A trust is a common structure used in estate planning to hold property, but it is not a legal entity. It is nonetheless a taxable entity, and may present some interesting tax advantages.
Who is responsible for the payment of a trust’s taxes?
- The trustee is required to manage the trust property for the beneficiary, and part of that responsibility is to maintain tax records and to file tax returns when required.
- In fact, it is the residence of the trustee, not the beneficiary, that determines the province that holds taxing authority over the trust property.
- If the trustee is in another country, in principle that country has tax authority … but the field of offshore trusts is a very complicated discussion beyond what we are addressing here.
For a trust resident in Canada then, how is it taxed?
- The main distinction one has to make is whether the trust is “inter vivos” or “testamentary”

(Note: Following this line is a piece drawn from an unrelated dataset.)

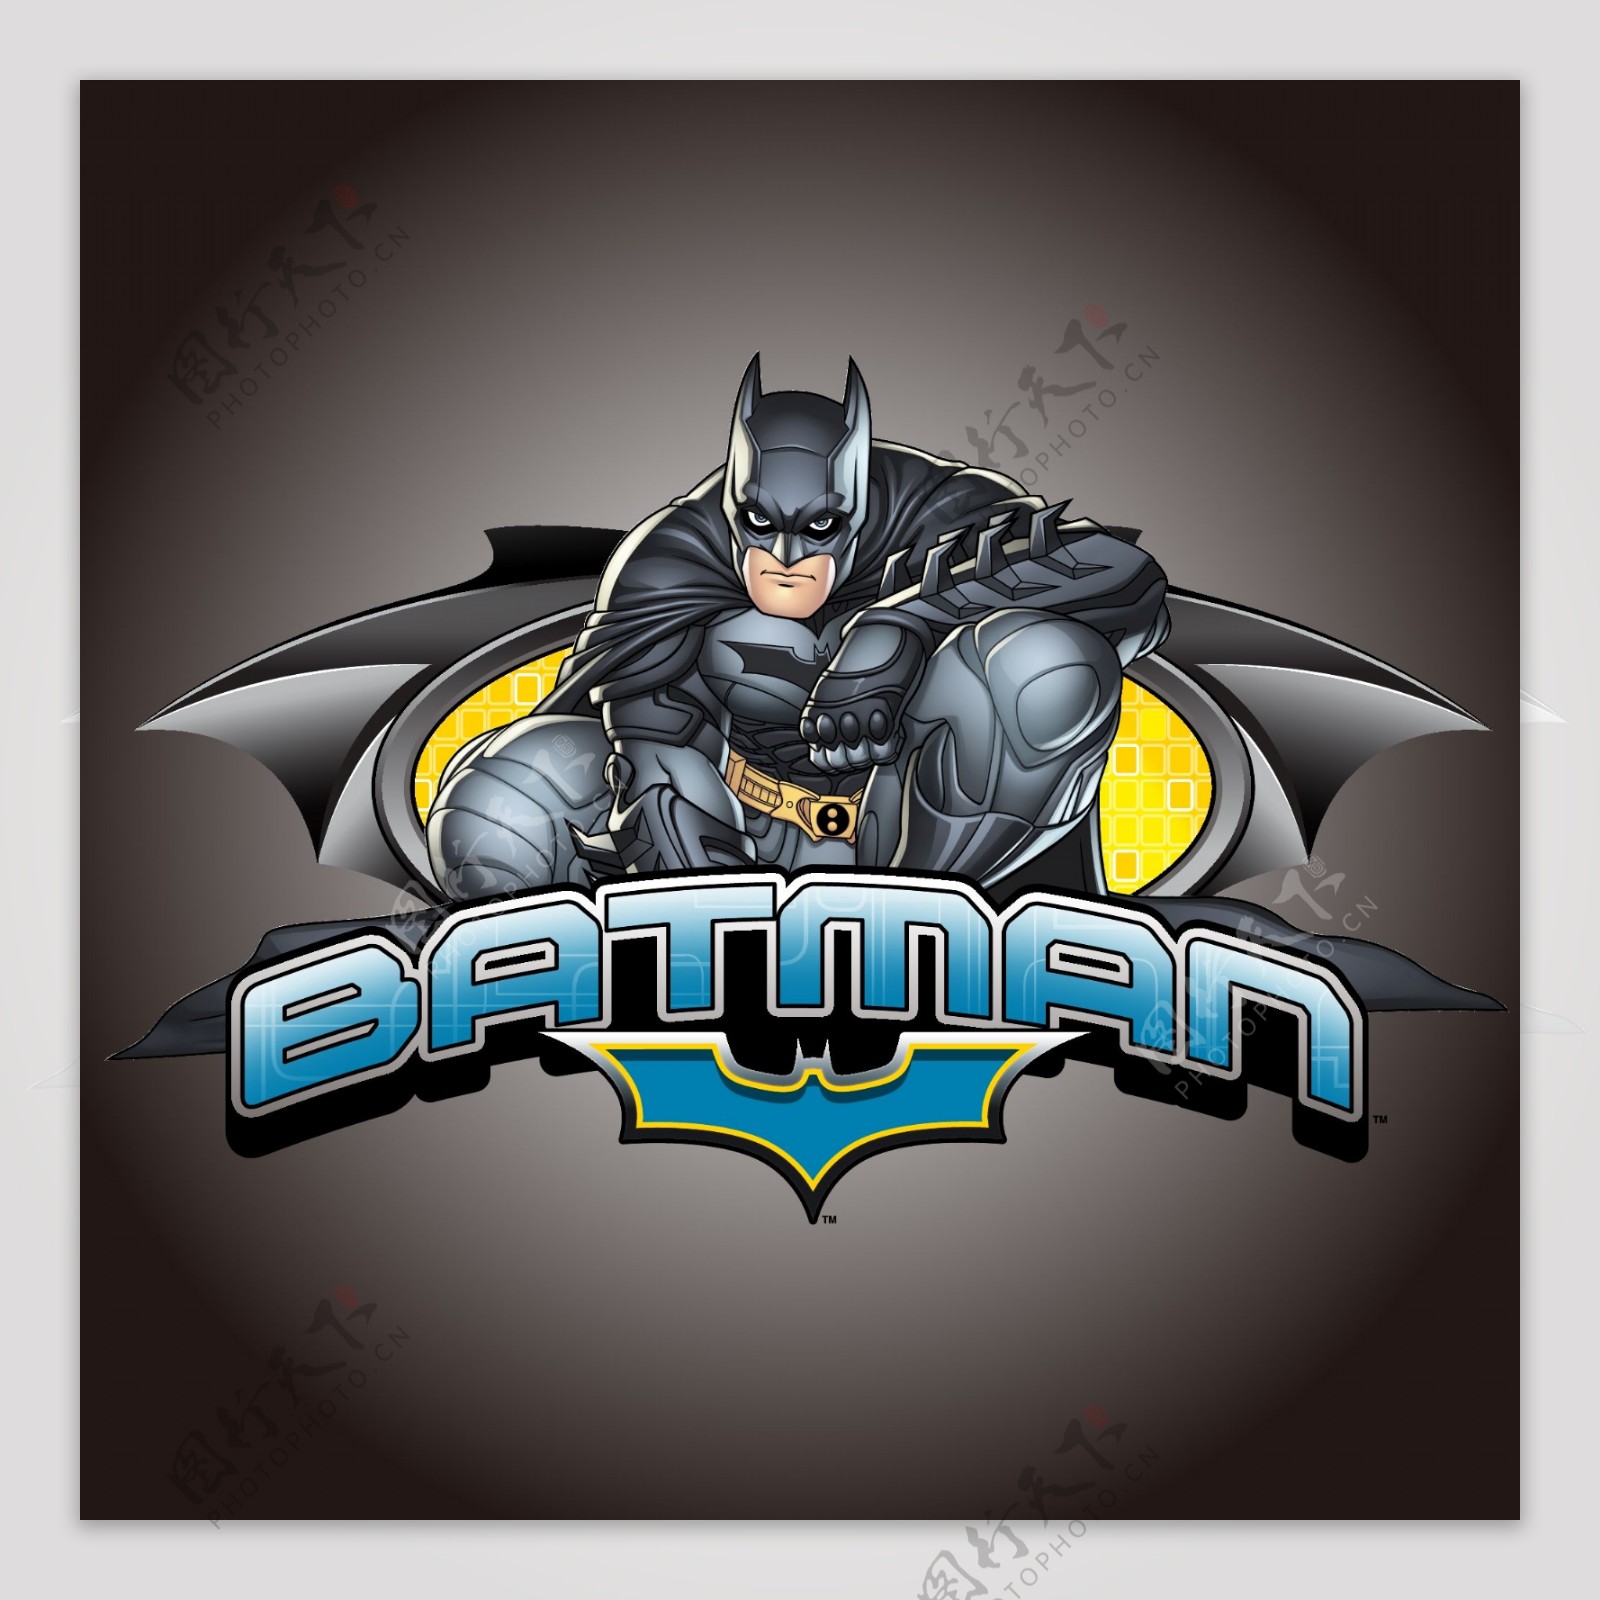 印花矢量图卡通形象蝙蝠侠文字英文免费素材

- An “inter vivos” trust is one settled during a person’s lifetime, and it is taxed at the highest personal marginal tax rate of the province where the trustee is resident, which can approach 50%.
- On the other hand, a “testamentary” trust is generally created out of a person’s Will and is taxed like an individual except that it does not get personal credits.
- Other than that, it is entitled to marginal tax bracket treatment so that it is taxed at roughly 20% on its first $30,000 or so of income and that tax rate creeps up to the top provincial rate as the trust’s income approaches about $115,000.
Can you give an example of how a testamentary trust can be used to tax advantage?
- A husband dies and leaves his GIC portfolio directly to his wife (in Ontario).
- She’s a doctor and already has a taxable income of $120,000.
- Every dollar she earns in the portfolio will be subject to her personal tax rate of about 46%.
- Had the husband instead set forth a trust in his Will with his wife a beneficiary, the early income of the trust would have been taxed at about 20%, and would not have reached 46% until well over $100,000 of investment income. There would be $10-15,000 tax savings every year.
Does this only work for those with such large income?
- Essentially if the income of the beneficiary and the income in the trust together break over a marginal tax bracket (as low as $35,000) then there may be an opportunity to save taxes.
- The costs of setting this up can be as little as adding a few paragraphs to your Will — but make sure you have your lawyer do it because if it is done incorrectly it may be treated as an inter vivos trust or it may be collapsed immediately thus losing the tax benefits.